I've manually installed a three node cluster with the following configuration:
Master/Slave Node 0 - NameNode, Secondary NameNode, JobTracker, HMaster,
DataNode, TaskTracker, HRegionServer,
Hive MetaStore, Database for Hive/Sqoop, HiveServer2, HCatalog,
Oozie Server,
Zookeeper,
Oozie-client, Hive-client, pig-client, M/R client tools, Sqoop
Slave Node 1 - DataNode, TaskTracker, HRegionServer,
Oozie-client, Hive-client, pig-client, M/R client tools, Sqoop
Slave Node 2 - DataNode, TaskTracker, HRegionServer,
Oozie-client, Hive-client, pig-client, M/R client tools, Sqoop
I wish to have a more realistic cluster. I was thinking about using 12-14 nodes for the following:
Master 0: Name Node
Master 1: Secondary NameNode
Master 2: JobTracker
Master 3: HMaster
Slave 0: DataNode, TraskTracker, HRegionServer
Slave 1: DataNode, TraskTracker, HRegionServer
Slave 2: DataNode, TraskTracker, HRegionServer
Hive/Catalog Node: Hive MetaStore,
Sqoop MetaStore
MySQL/PostgreSQL Database for Hive/Sqoop,
HCatalog,
HiveServer (Or is it better to break HiveServer into its own node?)
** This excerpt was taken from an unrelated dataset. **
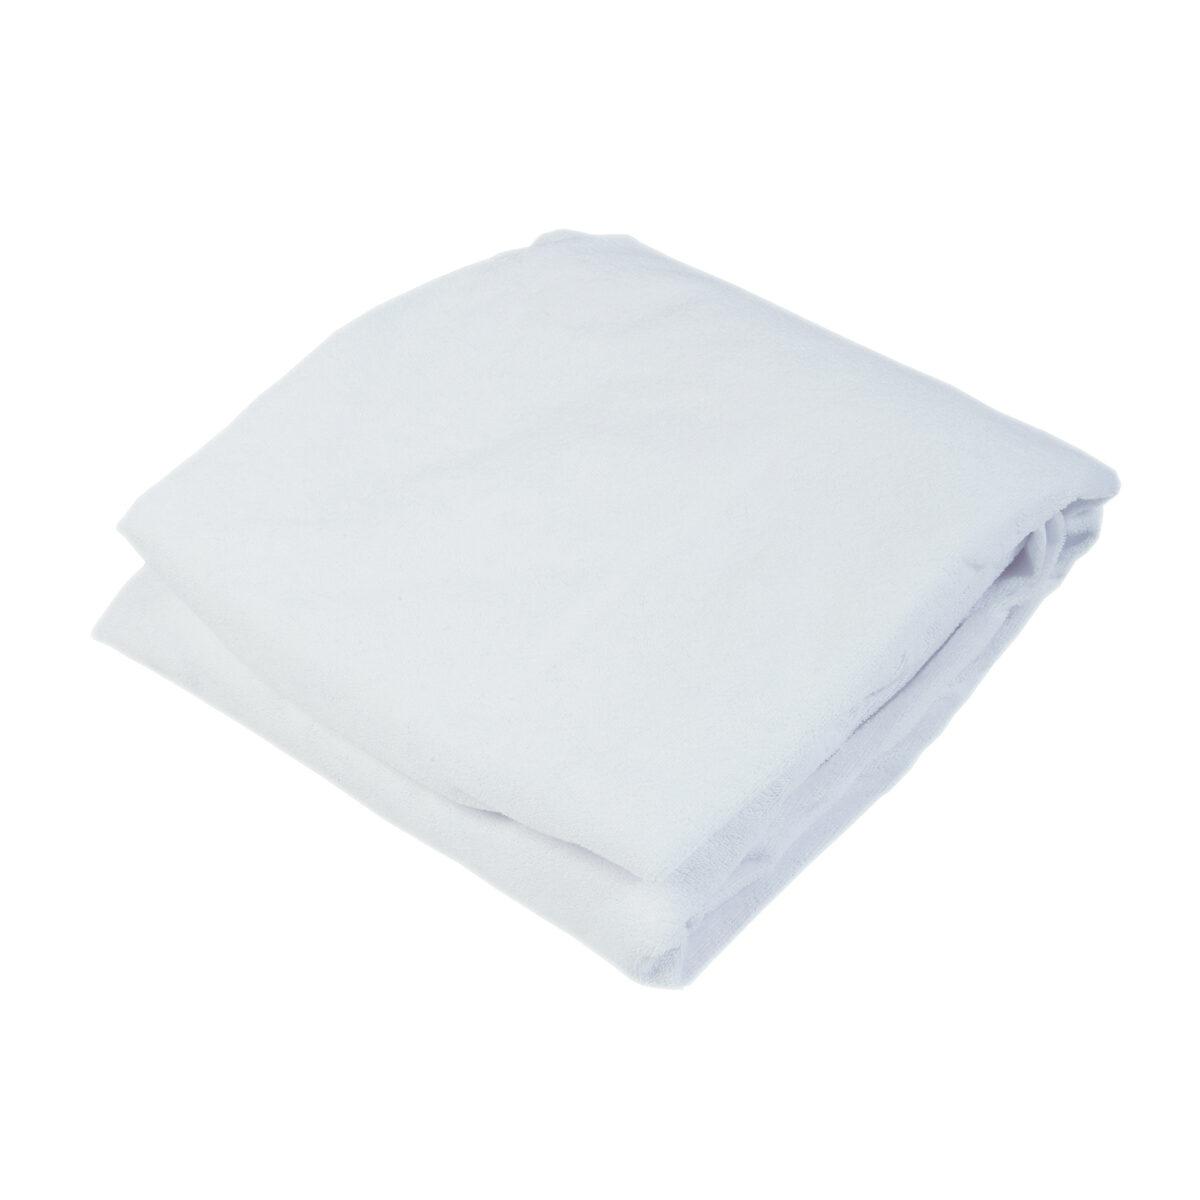 Waterproof Mattress Protectors - White 1

Oozie-Server (Or is it better to break Oozie-server into its own node?)
Zookeeper Ensemble: 3 Nodes with Zookeper installed
Client Node: Oozie-client, Hive-client, pig-client, M/R client tools, Sqoop
Or, in diagram format:
I know Cloudera likes you to have:
A separate Master Node for each Master Process (NameNode, Secondary NameNode, JobTracker, HMaster)
3 Slave nodes with DataNode, TaskTracker, and HRegionServer
3 Zookeeper Nodes
"The database, the HiveServer process, and the metastore service can all
be on the same host, but running the HiveServer process on a separate host
provides better availability and scalability."
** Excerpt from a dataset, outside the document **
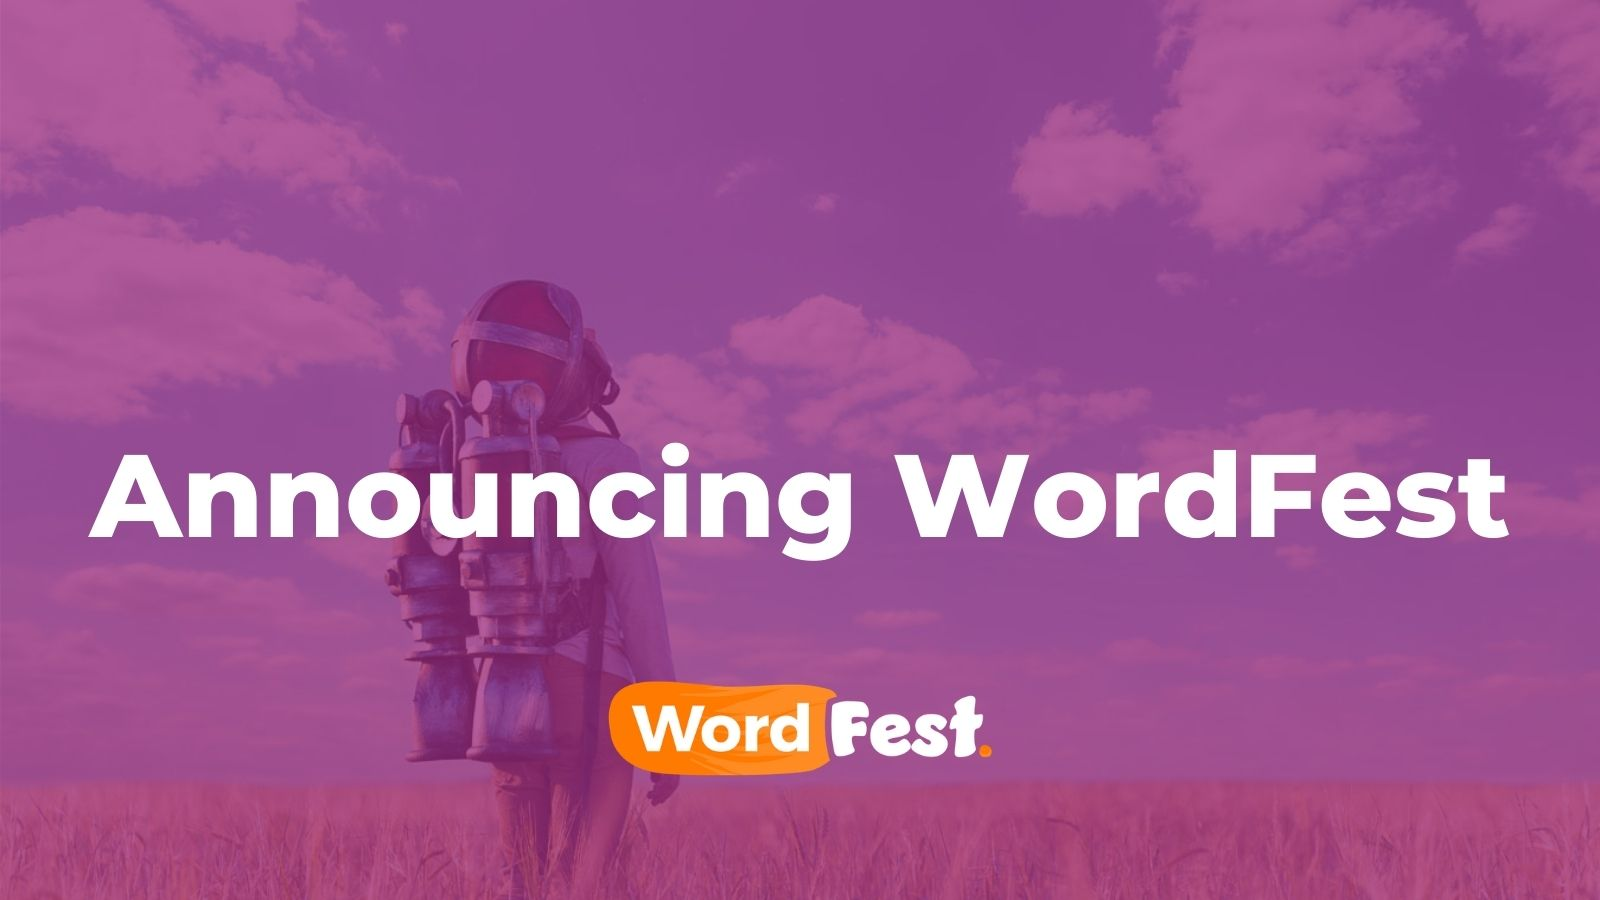 Announcing WordFest - A 24-Hour Celebration of WordPress

I've used the same MySQL instance for my Hive database and my Oozie database, and figured that would be ok to do again. I'm also figuring the HiveServer and the Oozie-server can run on the same host as the Hive/Oozie MetaStore, along with HCatalog.
Right now on my three node cluster, I have installed all the client software on every node so I can execute M/R, Hive, Oozie, HBase, Pig, etc. client calls from any node. Are these client tools supposed to be executed on a node separate from the Master and Slave nodes? Speaking of which, I have been putting all my java/python/pig code on the Master Node in my three node cluster. Is this data also better put on a separate client node?
Am I on the right path here? What is the proper way to to make the smallest but ideal cluster?